# Police retiree returns to street



## kwflatbed (Dec 29, 2004)

Police retiree returns to street

Brian Alexander,

Times Snohomish County Bureau

Bill Nelson is a retired police captain from the Midwest, an upbeat guy who saw a lot while working his way up an urban department's chain of command. He considered teaching but then decided to return to his roots as a patrol officer working the streets.

After 20½ years on the Fort Wayne, Ind., police force, including nearly a decade as a captain, Bill Nelson's retirement plan in 1996 was to teach a course or two in criminal justice, perhaps at a local community college.

And when he moved to Edmonds with his wife, Molly, that same year to be closer to family, he considered that option.

But it didn't take long for Nelson to realize he didn't want to use his master's degree in public affairs to give lectures or grade papers. Instead, he felt drawn to doing what he thought he'd never do again: policing.

Nelson wanted to hit the road again as a beat officer, interacting with the community and catching the bad guys, after spending almost all of his last 10 years in Fort Wayne as a training captain.

So he took just such a job with the Edmonds Police Department.

"When it actually became crunchtime," Nelson said, he realized something: "I don't build houses. I don't fix cars. I'm a police officer."

Though it's not uncommon for officers to move from an agency in one state to another, Nelson, 52, is unusual in that he moved from a command position back into a patrol car.

Nelson's move also stands out at a time when police agencies are having trouble recruiting and keeping officers.

He said he is part of a dwindling population of officers who do what they do for the love of policing.

Rich Niebusch, a spokesman for the Snohomish County Sheriff's Office, said some recruits find out police work isn't as glamorous as they thought it would be.

Nelson has seen the same thing.

Just recently, he said, he was working with a young recruit in Edmonds who decided 10 weeks into his job that he didn't want to be a police officer.

Nelson's transition back to beat work was like getting back on a bicycle, he said. But some wondered, with his command experience and at his age, whether he would stick with it.

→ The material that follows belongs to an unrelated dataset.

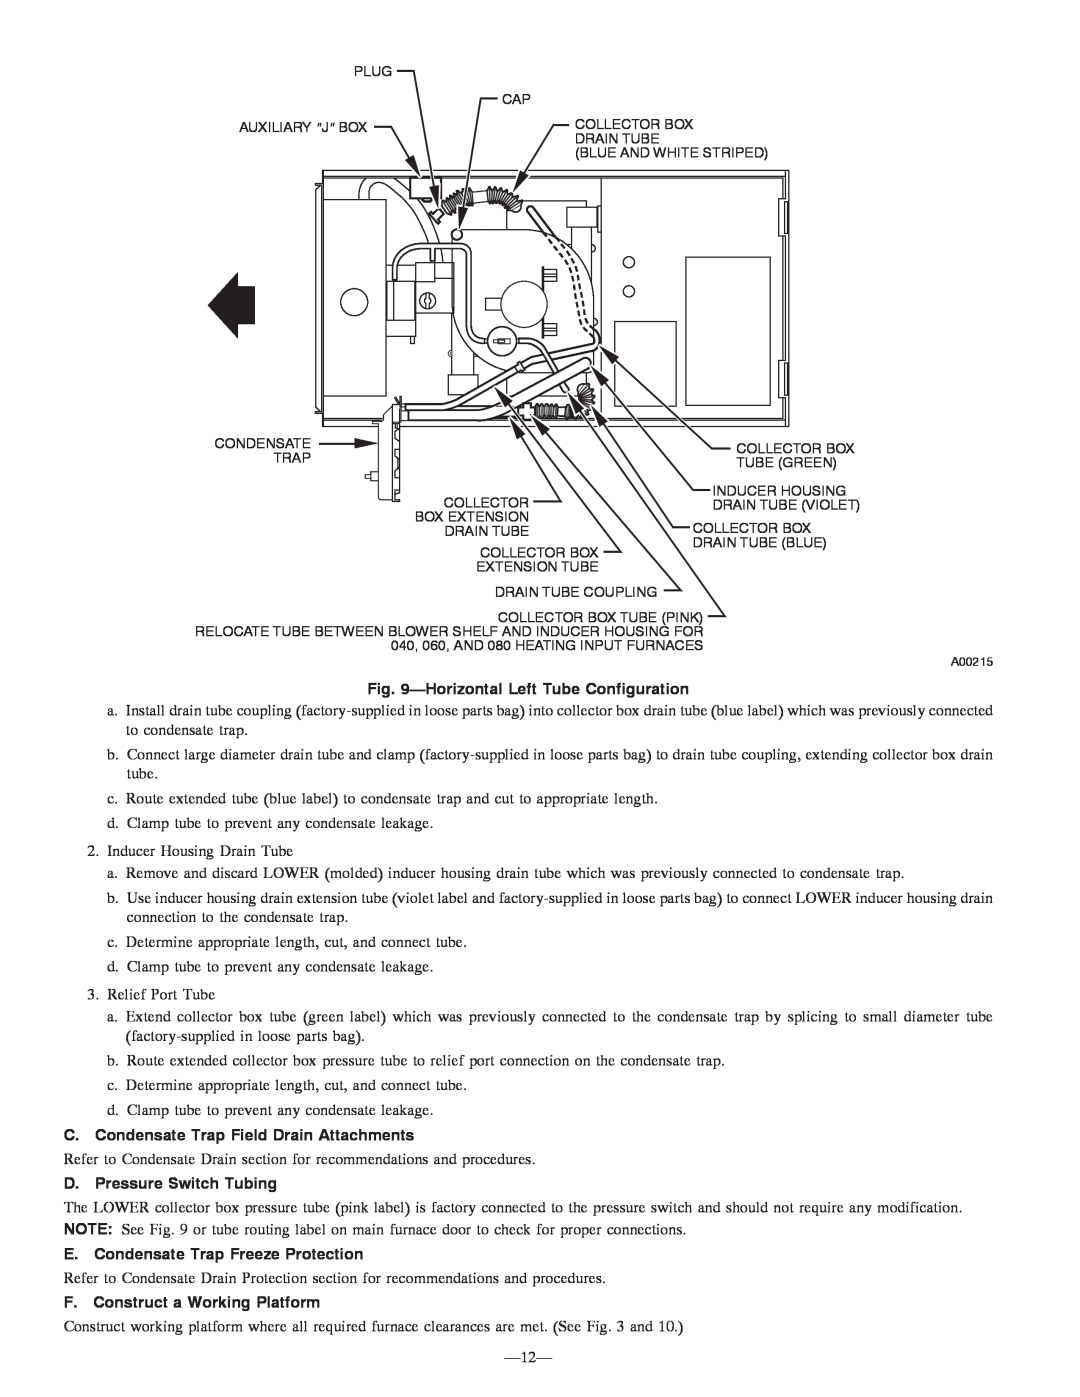 Bryant 355MAV HorizontalLeft Tube Configuration, C. Condensate Trap Field Drain Attachments, D. Pressure Switch Tubing

He was 43 when he retired from Fort Wayne, pretty old by police standards for a return to beat work. He said he had to convince others he could still handle dangerous situations and that he wouldn't try to ascend back into a command position.

Nelson recalled his interview with then-Edmonds Police Chief Tom Miller. Nelson said Miller wondered whether he would use his experience in Edmonds to later leave for a higher position with another agency in the state.

"If I tell you I'm not going to leave, I won't be leaving," he promised the chief.

That was nearly 10 years ago.

Which way did he go?

Thursday was a typical day for Nelson behind the wheel of his patrol car.

But as he followed close behind a slow-moving SUV, he was getting frustrated. Nelson was headed to a 7-Eleven store where a man had reportedly walked out without paying for merchandise.

Because it was shoplifting, probably just a misdemeanor in this case, Nelson could not use his lights or siren to get around the SUV, which he estimated was going about 3 mph under the speed limit.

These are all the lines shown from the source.